What to do:
Retype, word for word, every line of the records below starting at the one that contains "Women's chanel Necklace" and ending at the one that contains "annie terrill recommends"; include both of those lines and nothing more.

Dataset records:

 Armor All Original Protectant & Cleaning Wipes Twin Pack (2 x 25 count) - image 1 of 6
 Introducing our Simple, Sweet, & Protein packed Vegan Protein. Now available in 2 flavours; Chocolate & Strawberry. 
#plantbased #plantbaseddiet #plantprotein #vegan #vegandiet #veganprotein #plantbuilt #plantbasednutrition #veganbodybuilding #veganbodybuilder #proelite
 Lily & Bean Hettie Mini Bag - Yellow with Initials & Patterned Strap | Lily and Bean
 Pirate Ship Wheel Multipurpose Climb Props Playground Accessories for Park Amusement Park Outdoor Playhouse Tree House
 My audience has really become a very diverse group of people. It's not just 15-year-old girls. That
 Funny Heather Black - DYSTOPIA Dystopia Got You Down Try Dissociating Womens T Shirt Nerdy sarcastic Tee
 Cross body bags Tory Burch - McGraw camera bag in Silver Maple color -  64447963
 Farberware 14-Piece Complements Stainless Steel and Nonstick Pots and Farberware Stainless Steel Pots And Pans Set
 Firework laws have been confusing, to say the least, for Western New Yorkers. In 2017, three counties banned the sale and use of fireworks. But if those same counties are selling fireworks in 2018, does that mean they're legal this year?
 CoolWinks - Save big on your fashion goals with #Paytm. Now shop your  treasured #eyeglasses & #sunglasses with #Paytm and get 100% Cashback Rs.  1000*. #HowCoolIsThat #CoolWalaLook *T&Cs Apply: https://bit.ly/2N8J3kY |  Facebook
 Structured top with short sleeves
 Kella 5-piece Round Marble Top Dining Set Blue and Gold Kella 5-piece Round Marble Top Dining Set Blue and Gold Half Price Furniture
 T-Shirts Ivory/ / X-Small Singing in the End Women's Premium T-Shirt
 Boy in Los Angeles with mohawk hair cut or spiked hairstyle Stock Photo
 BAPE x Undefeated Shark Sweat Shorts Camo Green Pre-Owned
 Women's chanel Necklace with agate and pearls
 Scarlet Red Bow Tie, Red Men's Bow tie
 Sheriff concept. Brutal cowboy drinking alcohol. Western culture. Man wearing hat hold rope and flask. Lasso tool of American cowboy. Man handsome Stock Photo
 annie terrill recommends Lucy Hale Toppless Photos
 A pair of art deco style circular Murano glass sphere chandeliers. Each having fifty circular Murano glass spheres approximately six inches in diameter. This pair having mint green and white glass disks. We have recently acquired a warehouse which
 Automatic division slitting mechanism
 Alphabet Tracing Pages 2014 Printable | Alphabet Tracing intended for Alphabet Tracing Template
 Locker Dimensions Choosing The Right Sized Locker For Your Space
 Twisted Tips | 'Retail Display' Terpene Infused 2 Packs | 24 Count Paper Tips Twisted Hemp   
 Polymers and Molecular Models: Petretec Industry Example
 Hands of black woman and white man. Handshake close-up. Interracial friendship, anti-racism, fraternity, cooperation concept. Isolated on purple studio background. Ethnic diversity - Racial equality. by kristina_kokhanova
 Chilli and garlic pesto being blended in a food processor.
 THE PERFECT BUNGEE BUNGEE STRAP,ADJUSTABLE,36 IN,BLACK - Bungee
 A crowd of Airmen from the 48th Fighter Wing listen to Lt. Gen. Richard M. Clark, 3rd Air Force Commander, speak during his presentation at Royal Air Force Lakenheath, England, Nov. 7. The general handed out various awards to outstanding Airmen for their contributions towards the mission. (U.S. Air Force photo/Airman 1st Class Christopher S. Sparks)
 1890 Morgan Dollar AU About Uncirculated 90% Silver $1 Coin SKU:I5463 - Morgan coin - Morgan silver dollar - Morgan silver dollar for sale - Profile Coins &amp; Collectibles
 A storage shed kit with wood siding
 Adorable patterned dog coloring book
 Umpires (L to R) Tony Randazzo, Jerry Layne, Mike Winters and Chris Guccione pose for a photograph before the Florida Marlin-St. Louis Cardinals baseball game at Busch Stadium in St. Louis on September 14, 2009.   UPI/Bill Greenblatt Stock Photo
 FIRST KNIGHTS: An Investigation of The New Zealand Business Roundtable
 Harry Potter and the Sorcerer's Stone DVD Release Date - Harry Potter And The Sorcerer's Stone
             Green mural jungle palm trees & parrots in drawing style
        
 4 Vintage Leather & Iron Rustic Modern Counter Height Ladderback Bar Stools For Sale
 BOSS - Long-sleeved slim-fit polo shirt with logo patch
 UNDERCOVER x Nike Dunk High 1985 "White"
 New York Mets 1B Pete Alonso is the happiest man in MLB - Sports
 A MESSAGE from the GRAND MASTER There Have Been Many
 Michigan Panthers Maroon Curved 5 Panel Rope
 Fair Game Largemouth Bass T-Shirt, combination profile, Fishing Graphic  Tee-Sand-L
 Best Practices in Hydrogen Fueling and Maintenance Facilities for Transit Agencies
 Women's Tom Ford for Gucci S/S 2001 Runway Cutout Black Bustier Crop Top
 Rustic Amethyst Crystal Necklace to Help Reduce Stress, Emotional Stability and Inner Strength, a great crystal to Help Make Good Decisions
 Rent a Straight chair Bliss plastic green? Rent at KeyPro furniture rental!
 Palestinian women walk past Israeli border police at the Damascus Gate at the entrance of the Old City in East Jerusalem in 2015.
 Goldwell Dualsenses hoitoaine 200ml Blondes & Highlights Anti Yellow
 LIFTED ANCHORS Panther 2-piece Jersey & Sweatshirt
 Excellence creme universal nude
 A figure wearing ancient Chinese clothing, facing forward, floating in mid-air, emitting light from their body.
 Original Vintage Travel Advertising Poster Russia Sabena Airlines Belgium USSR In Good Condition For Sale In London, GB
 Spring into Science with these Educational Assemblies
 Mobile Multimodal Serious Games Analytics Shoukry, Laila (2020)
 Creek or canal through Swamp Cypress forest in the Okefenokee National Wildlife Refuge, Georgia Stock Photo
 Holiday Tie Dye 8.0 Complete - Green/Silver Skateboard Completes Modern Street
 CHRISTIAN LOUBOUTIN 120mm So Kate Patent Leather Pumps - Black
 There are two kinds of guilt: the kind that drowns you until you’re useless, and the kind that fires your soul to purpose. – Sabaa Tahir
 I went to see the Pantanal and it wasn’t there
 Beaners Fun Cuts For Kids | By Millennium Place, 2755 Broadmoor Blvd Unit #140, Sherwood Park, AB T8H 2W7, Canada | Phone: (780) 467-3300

Task answer:
 Women's chanel Necklace with agate and pearls
 Scarlet Red Bow Tie, Red Men's Bow tie
 Sheriff concept. Brutal cowboy drinking alcohol. Western culture. Man wearing hat hold rope and flask. Lasso tool of American cowboy. Man handsome Stock Photo
 annie terrill recommends Lucy Hale Toppless Photos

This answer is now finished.